EXERCISE DATA >>
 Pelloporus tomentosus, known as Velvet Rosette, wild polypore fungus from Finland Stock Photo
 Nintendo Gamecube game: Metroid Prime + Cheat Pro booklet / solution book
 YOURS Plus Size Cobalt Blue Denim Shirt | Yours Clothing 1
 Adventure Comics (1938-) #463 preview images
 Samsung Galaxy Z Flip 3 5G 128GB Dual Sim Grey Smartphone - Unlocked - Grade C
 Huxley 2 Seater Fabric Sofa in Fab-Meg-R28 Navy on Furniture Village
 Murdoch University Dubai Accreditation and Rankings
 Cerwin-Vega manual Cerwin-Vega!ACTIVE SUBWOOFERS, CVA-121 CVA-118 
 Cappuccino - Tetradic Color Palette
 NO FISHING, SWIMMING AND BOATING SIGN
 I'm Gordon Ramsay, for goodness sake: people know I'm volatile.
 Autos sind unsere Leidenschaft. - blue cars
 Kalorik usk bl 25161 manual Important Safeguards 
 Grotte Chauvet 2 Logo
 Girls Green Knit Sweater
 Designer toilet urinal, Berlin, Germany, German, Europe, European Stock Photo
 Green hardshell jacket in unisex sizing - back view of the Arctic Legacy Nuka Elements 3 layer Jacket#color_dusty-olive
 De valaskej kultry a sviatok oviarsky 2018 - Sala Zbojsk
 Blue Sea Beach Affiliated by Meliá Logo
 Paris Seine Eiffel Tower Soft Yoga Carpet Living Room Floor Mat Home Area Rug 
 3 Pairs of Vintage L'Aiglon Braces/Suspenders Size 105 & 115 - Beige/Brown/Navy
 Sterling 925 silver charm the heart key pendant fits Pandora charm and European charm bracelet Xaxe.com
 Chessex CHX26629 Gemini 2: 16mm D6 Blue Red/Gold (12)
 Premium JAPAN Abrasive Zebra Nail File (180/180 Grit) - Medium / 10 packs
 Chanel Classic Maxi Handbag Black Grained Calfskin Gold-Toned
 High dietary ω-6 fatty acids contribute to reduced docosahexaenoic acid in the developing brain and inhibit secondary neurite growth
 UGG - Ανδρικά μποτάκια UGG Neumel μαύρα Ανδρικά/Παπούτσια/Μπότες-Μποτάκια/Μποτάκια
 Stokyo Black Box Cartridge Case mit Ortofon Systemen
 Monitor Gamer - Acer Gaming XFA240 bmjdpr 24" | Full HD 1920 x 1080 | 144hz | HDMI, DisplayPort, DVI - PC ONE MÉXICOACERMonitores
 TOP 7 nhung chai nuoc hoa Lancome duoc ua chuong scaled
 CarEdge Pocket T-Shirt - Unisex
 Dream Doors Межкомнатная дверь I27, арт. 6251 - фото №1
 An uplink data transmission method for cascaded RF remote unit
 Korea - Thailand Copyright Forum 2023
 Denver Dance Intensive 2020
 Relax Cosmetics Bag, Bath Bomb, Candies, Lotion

TASK BRIEF >>
The material must be duplicated in full, with each line kept exact.

EXPECTED OUTPUT >>
 Pelloporus tomentosus, known as Velvet Rosette, wild polypore fungus from Finland Stock Photo
 Nintendo Gamecube game: Metroid Prime + Cheat Pro booklet / solution book
 YOURS Plus Size Cobalt Blue Denim Shirt | Yours Clothing 1
 Adventure Comics (1938-) #463 preview images
 Samsung Galaxy Z Flip 3 5G 128GB Dual Sim Grey Smartphone - Unlocked - Grade C
 Huxley 2 Seater Fabric Sofa in Fab-Meg-R28 Navy on Furniture Village
 Murdoch University Dubai Accreditation and Rankings
 Cerwin-Vega manual Cerwin-Vega!ACTIVE SUBWOOFERS, CVA-121 CVA-118 
 Cappuccino - Tetradic Color Palette
 NO FISHING, SWIMMING AND BOATING SIGN
 I'm Gordon Ramsay, for goodness sake: people know I'm volatile.
 Autos sind unsere Leidenschaft. - blue cars
 Kalorik usk bl 25161 manual Important Safeguards 
 Grotte Chauvet 2 Logo
 Girls Green Knit Sweater
 Designer toilet urinal, Berlin, Germany, German, Europe, European Stock Photo
 Green hardshell jacket in unisex sizing - back view of the Arctic Legacy Nuka Elements 3 layer Jacket#color_dusty-olive
 De valaskej kultry a sviatok oviarsky 2018 - Sala Zbojsk
 Blue Sea Beach Affiliated by Meliá Logo
 Paris Seine Eiffel Tower Soft Yoga Carpet Living Room Floor Mat Home Area Rug 
 3 Pairs of Vintage L'Aiglon Braces/Suspenders Size 105 & 115 - Beige/Brown/Navy
 Sterling 925 silver charm the heart key pendant fits Pandora charm and European charm bracelet Xaxe.com
 Chessex CHX26629 Gemini 2: 16mm D6 Blue Red/Gold (12)
 Premium JAPAN Abrasive Zebra Nail File (180/180 Grit) - Medium / 10 packs
 Chanel Classic Maxi Handbag Black Grained Calfskin Gold-Toned
 High dietary ω-6 fatty acids contribute to reduced docosahexaenoic acid in the developing brain and inhibit secondary neurite growth
 UGG - Ανδρικά μποτάκια UGG Neumel μαύρα Ανδρικά/Παπούτσια/Μπότες-Μποτάκια/Μποτάκια
 Stokyo Black Box Cartridge Case mit Ortofon Systemen
 Monitor Gamer - Acer Gaming XFA240 bmjdpr 24" | Full HD 1920 x 1080 | 144hz | HDMI, DisplayPort, DVI - PC ONE MÉXICOACERMonitores
 TOP 7 nhung chai nuoc hoa Lancome duoc ua chuong scaled
 CarEdge Pocket T-Shirt - Unisex
 Dream Doors Межкомнатная дверь I27, арт. 6251 - фото №1
 An uplink data transmission method for cascaded RF remote unit
 Korea - Thailand Copyright Forum 2023
 Denver Dance Intensive 2020
 Relax Cosmetics Bag, Bath Bomb, Candies, Lotion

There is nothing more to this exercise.